11 minute read

Pilsen Vows to Hang on to Community

by Judi Strauss-Lipkin

Beth and Willie Wagner are the owners of Honky Tonk BBQ in Pilsen. The restaurant has won the Memphis in May award for its pulled pork, and it serves St. Louis spareribs/baby back ribs – the real deal: slow-cooked barbeque with three signature sauces. The Wagners have owned the corner building at 1800 Racine in Pilsen for 36 years, and they live upstairs.

“Pilsen is our home, our neighborhood,” Beth Wagner said. “Everybody knows you. Everybody cares about you. If you need help, they are there. We are a very tight community. Many of the buildings were Mom and Pop stores, with the business downstairs and their home upstairs – just like ours.”

But the Wagners were among those hit hardest by the second installment of 2022 Cook County property taxes – up in Pilsen by 46 percent over last year, largely due to assessments based on property value, and also nearby real estate sales. The second tax bills for 2022 arrived in late November instead of August and were due by year end. The first installment for the current year arrived soon afterward, in February, with payments delayed this year until April 3. This second installment was a huge shock to many people. They worried about coming up with quick cash to pay the bill, but also whether they can afford to remain in communities they love and have nurtured.

“Ten years ago, there was not a single condo building in Pilsen,” Beth Wagner said. “For a long time, Pilsen was sort of invisible. Homes changed hands, families sold to other families and the value of the properties were kept ‘in the family.’ Then, it was like Christopher Columbus ‘discovered’ our neighborhood. Yes, people fought landmark status, so it did not happen. Developers started buying properties and building/changing our home. A young couple bought the building next door for ‘big bucks,’ which caused the assessed value of our building to rise dramatically.”

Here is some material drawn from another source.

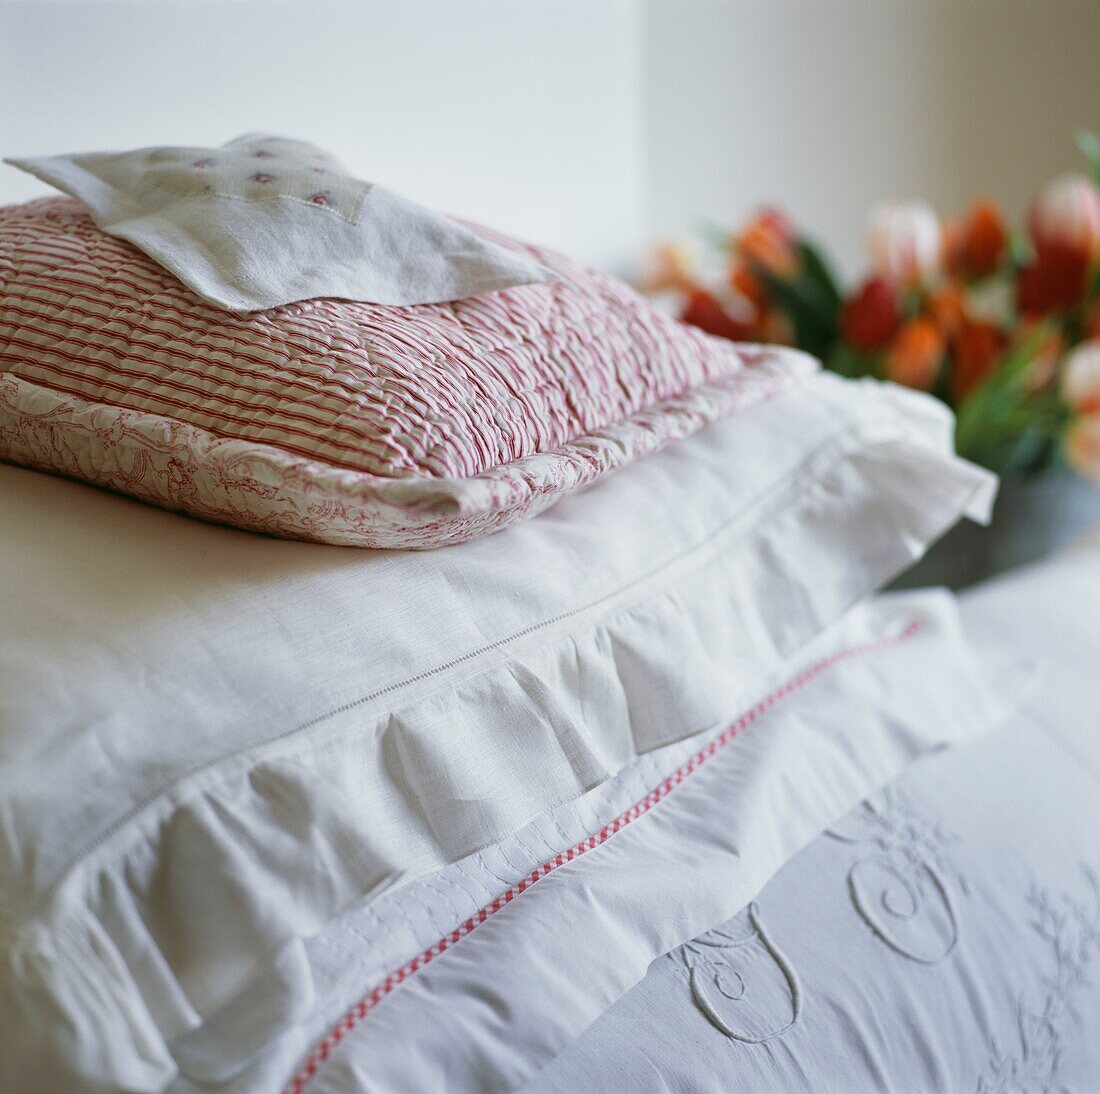 Pillows and cushions in white linen

Two blocks west of Honky Tonk BBQ, Thalia Hall at 18th and Allport is a landmark dating to Pilsen’s time as a Bohemian neighborhood, built in 1892 by John Dusek to bring arts and entertainment from the old country. The building featured ground floor commercial storefronts, residences and community gathering spaces. However, in recent years it has been empty. The building was sold for $3.2 million in 2013 and converted into a beer-focused restaurant, a cocktail bar serving punch and an event space.

So, Wagner said, “our family-oriented and loved neighborhood was gentrifying. As the developers moved in, prices rose. Then assessments rose. Then real estate taxes rose as well. As properties sold for millions, lots and houses and buildings were “worth more” on paper and real estate taxes rose.

A vacant lot the Wagners have owned for 25 years has won several awards for its beautification. But its real estate taxes skyrocketed this year – for vacant land. The real estate taxes on their building (with both the restaurant, their home, and apartments) climbed to $75,000. Beth said she herself fought the unfair assessment and tax increase for two years - with the office of Cook County Assessor Fritz Kaegi.

She finally “won” her tax appeal - and was given a handwritten bill. She wrote a check for the taxes, which were substantially reduced. Now, she said, individuals can no longer fight these increases themselves; they must hire attorneys to do so.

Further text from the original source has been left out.